So…in a couple hours, when I can FINALLY leave like I was suppose to do a long time ago, I’m going to drive all the way there, THEN make the bitch come get me! Then I’m going to make her fucking ass drive me back tomorrow to pick it up! Fucker! $20 says she won’t do it and will do anything to find someone else to…but I wouldn’t take that bet if I were you…you’ll lose, trust me.
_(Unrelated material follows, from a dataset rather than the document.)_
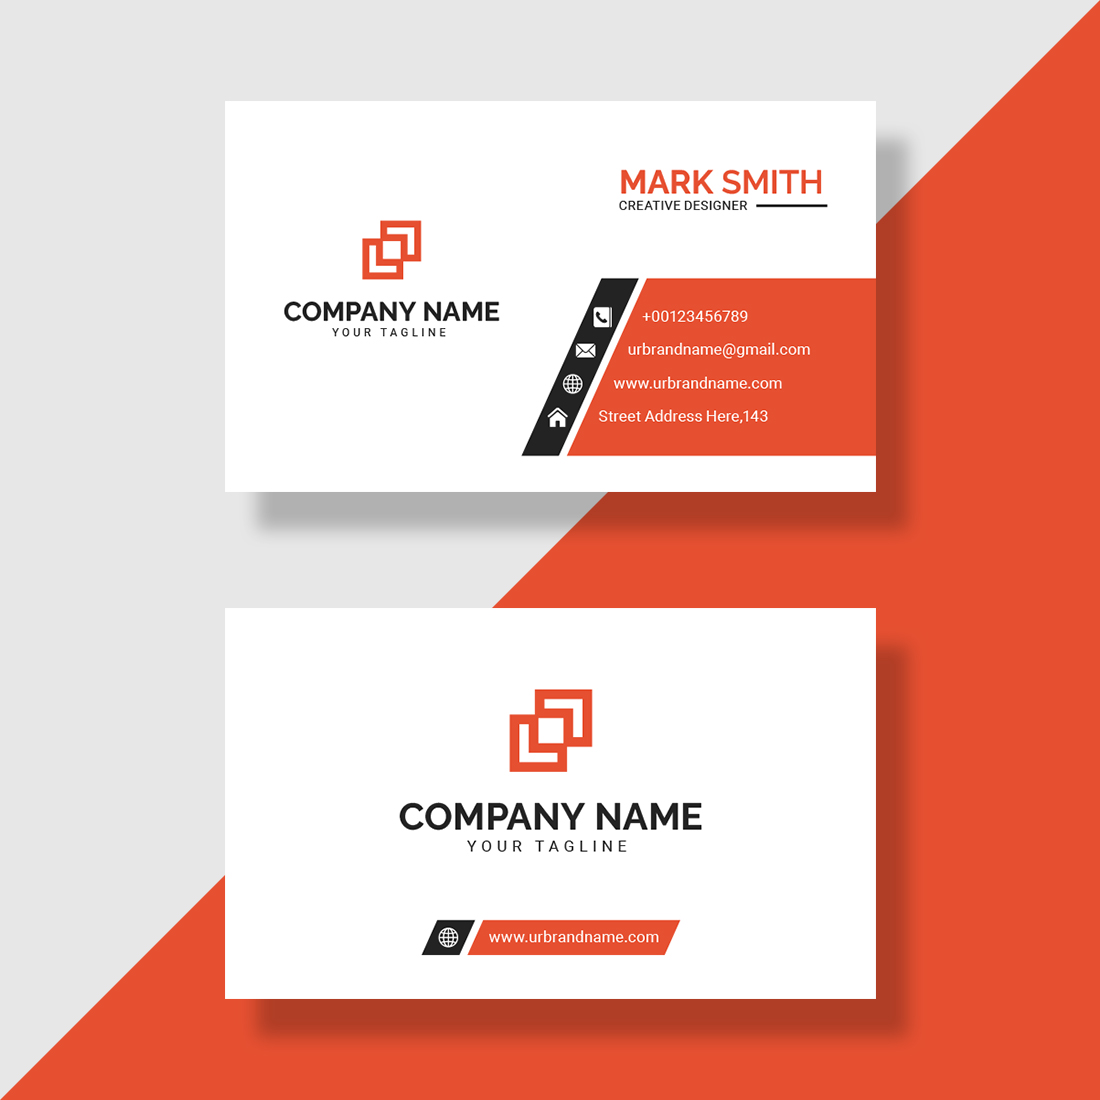 corporate simple and professional business card design 2

I think what is making this day worse though is the fact that since I’ve returned my mother has turned back into the fucking bitch she’s always been! Man is she fucking moody! I guess the boyfriend she’s been trying to hide broke up with her…I don’t know and really don’t care. She loves hiding shit, just like the divorce, so I’m used to it and just don’t care any more. However, I don’t know why she’s got to be such a bitch. Complaining that I don’t pay enough bills and help out enough…I’m never home, always working…literally. I pay all my bills and plus some, I never make a mess and have been cleaning up after her drunk ass non-stop. I’m working FIVE jobs AND cleaning up after her…WTF more does she want?! She told me to expect to find my stuff outside one day…just great. Whatever. Maybe she should yell at my 22 year old brother that has NO job, has NEVER had a job, AND failed out of a community college! Just a thought…

Mountains!

Here they are…just a few. I took about 1700 pictures total! Crazy, I know…I wanted to take as many as possible so I had plenty to edit later.

So Happy!

While on a wonderful vacation, with my wonderful man, taking wonderful pictures, I got a Facebook message…someone saw some senior pictures I did of a coworkers kid and they loved them so much they want me to do theirs! How cool is that!?! Kind of nerve racking because I’m new at the senior picture thing but I’m still super excited!

I haven’t set or determined prices, so any suggestions??? I’m not going to charge NEAR what some of these people do! And you can change outfits all you want because paying for more outfits is just crazy in my opinion!!! So, what should I charge? $100? $150? Should I charge less, do the developing and then increase the price by a certain percent on the pictures to make money too? I’m so new at this! But totally excited!!

Will have pictures up from my trip by Sunday…I hope! : ) Loving it here and so not ready to go home!!

Vacation!

I have arrived! If you don’t hear from me, my man and I are hiding out in the mountains!! : ) And since I don’t care that anyone sees where I went on vacation, I will be posting some of my photography here for judgement when I return.

Be with you soon!

Edit: The little things are what really made me happy…I found women’s jeans that are 100% cotton!!! No spandix!! How fucking awesome! With real full size pockets too!!! I am just thrilled!! : ) And you’re probably thinking I’m completely crazy, but that alone makes me so happy! I have been looking for years!

Message Received

Sorry for the wait until an update for anyone that has been following the story of my Captain. He was suppose to report to work at 1700 and never showed. He was apparently told by a part time employee that they were added to days the Captain was scheduled to work, well the Captain has such a guilty conscious that he called and asked if he should bring his stuff in…hmmm, I wonder what else he has done…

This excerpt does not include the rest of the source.